Significance of dynamic gray matter loss in normal adolescents and in schizophrenia. Highly significant progressive loss occurs in schizophrenia in parietal, motor, supplementary motor, and superior frontal cortices. Broad regions of temporal cortex, including the superior temporal gyrus, experience severe gray matter attrition. By comparison of the average rates of loss in disease (middle column) with the loss pattern in normal adolescents (first column), the normal variability in these changes can also be taken into account, and the significance of disease-specific change can be established (last column).

Figure 3

Dynamic changes in male and female teenagers with schizophrenia. A consistent pattern of progressive gray matter loss, in parietal, frontal, and temporal cortices, is observed in independent groups of males and female patients. A single pattern is observable in both boys and girls, supporting the anatomical specificity of the findings.

Figure 4

Mapping nonlinear brain changes and age effects.

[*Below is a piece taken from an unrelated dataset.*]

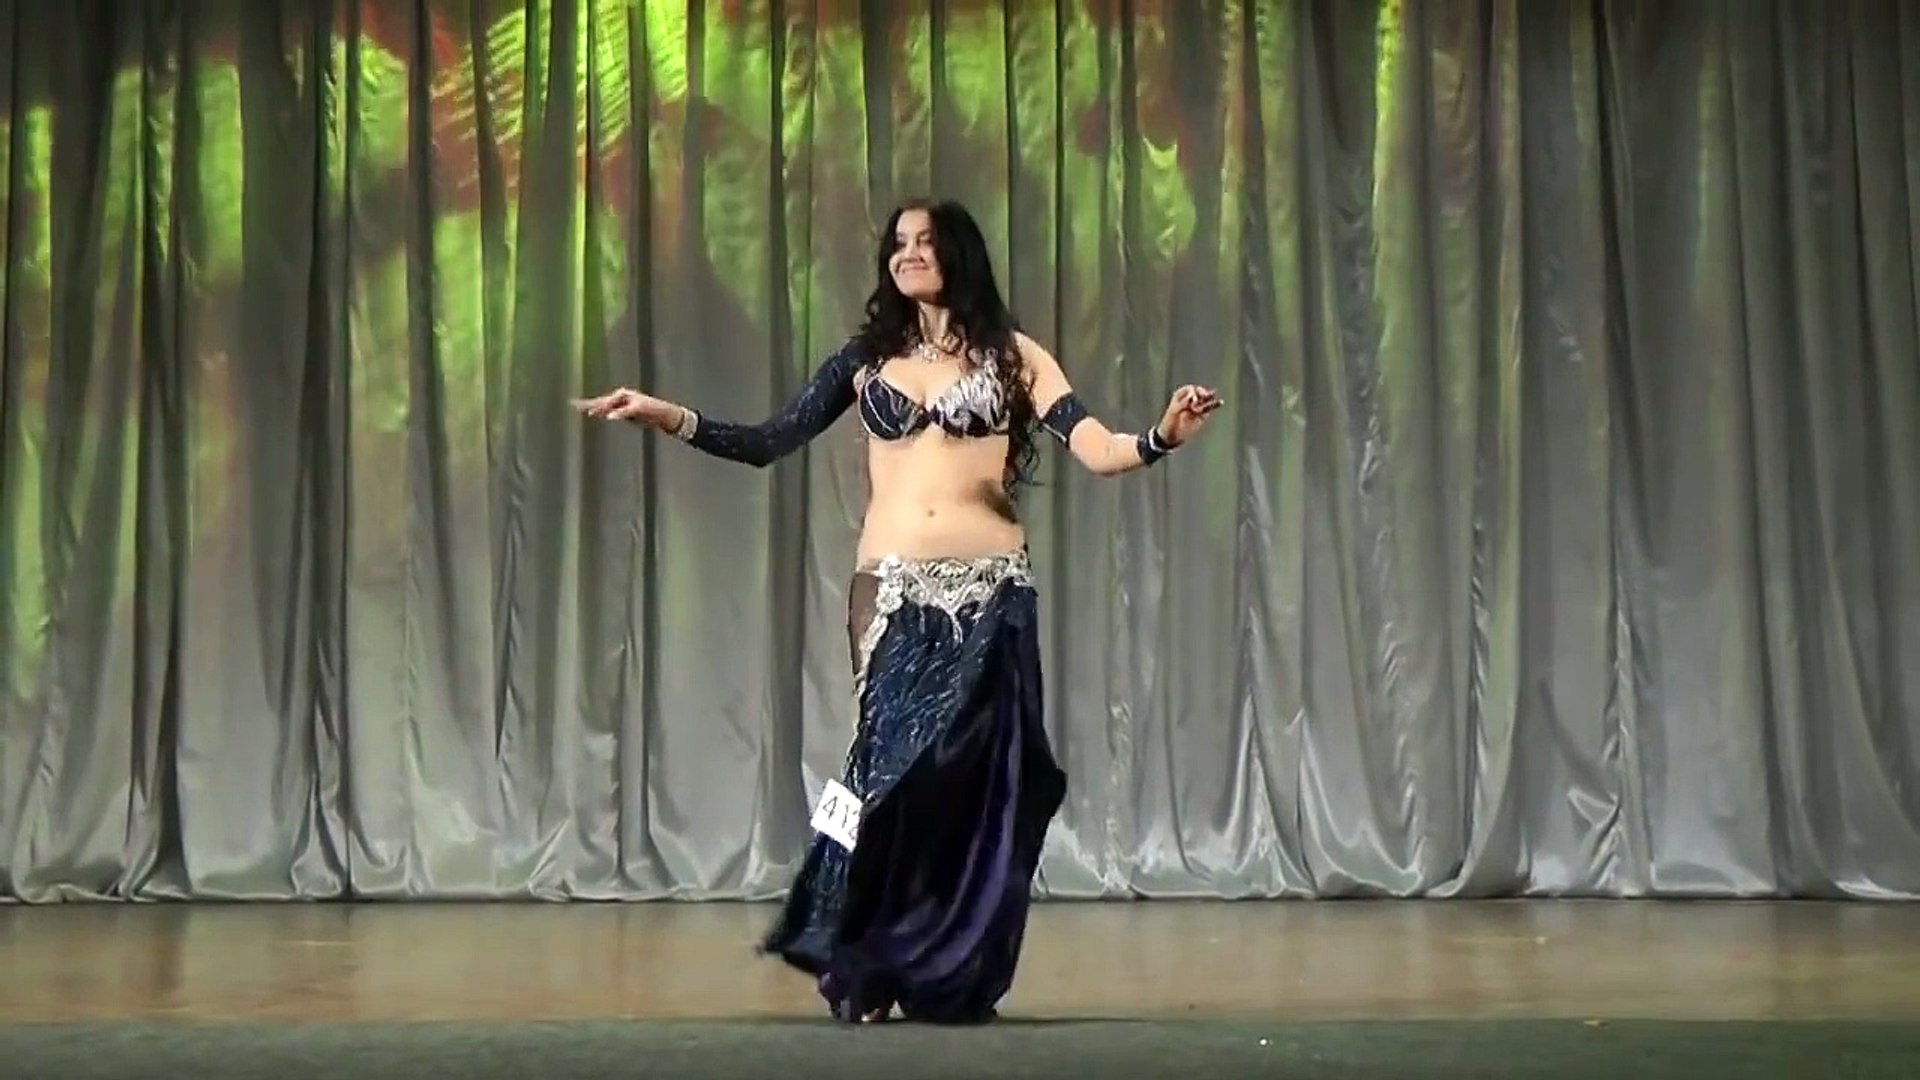 Super Hot Sensational Arabic Belly Dance Alex Delora HD Video - video  Dailymotion

Dependencies between the rate of gray matter loss and the patient's age are mapped locally and visualized. Parietal regions lose gray matter faster in younger patients (red; r > 0.8; P < 0.001), consistent with an earlier timing of deficits and a slowing of the rates of progression as adolescence continues.

Figure 5

Mapping early and late deficits in schizophrenia. Deficits occurring during the development of schizophrenia are detected by comparing average profiles of gray matter between patients and controls at their first scan (age 13; Upper) and their last scan 5 years later (age 18; Lower). Although severe parietal, motor, and diffuse frontal loss has already occurred (Upper) and subsequently continues (Figs. 1 and 2), the temporal and dorsolateral prefrontal loss characteristic of adult schizophrenia is not found until later in adolescence (Lower), where a process of fast attrition occurs over the next 5 years. The color code shows the significance of these effects.

Figure 6

Mapping brain change in medication-matched subjects not satisfying criteria for schizophrenia. No temporal lobe deficits are found, suggesting that the progression of the deficits into the temporal lobe is specific to schizophrenia, regardless of medication (and regardless of gender; Fig. 3). Nonetheless, these patients share some symptoms with schizophrenics, exhibiting frontal deficits in a similar anatomical pattern. These frontal deficits (i.e., gray matter loss rates) are statistically significant relative to healthy controls but significantly smaller in magnitude than the greatly accelerated loss rates in schizophrenia.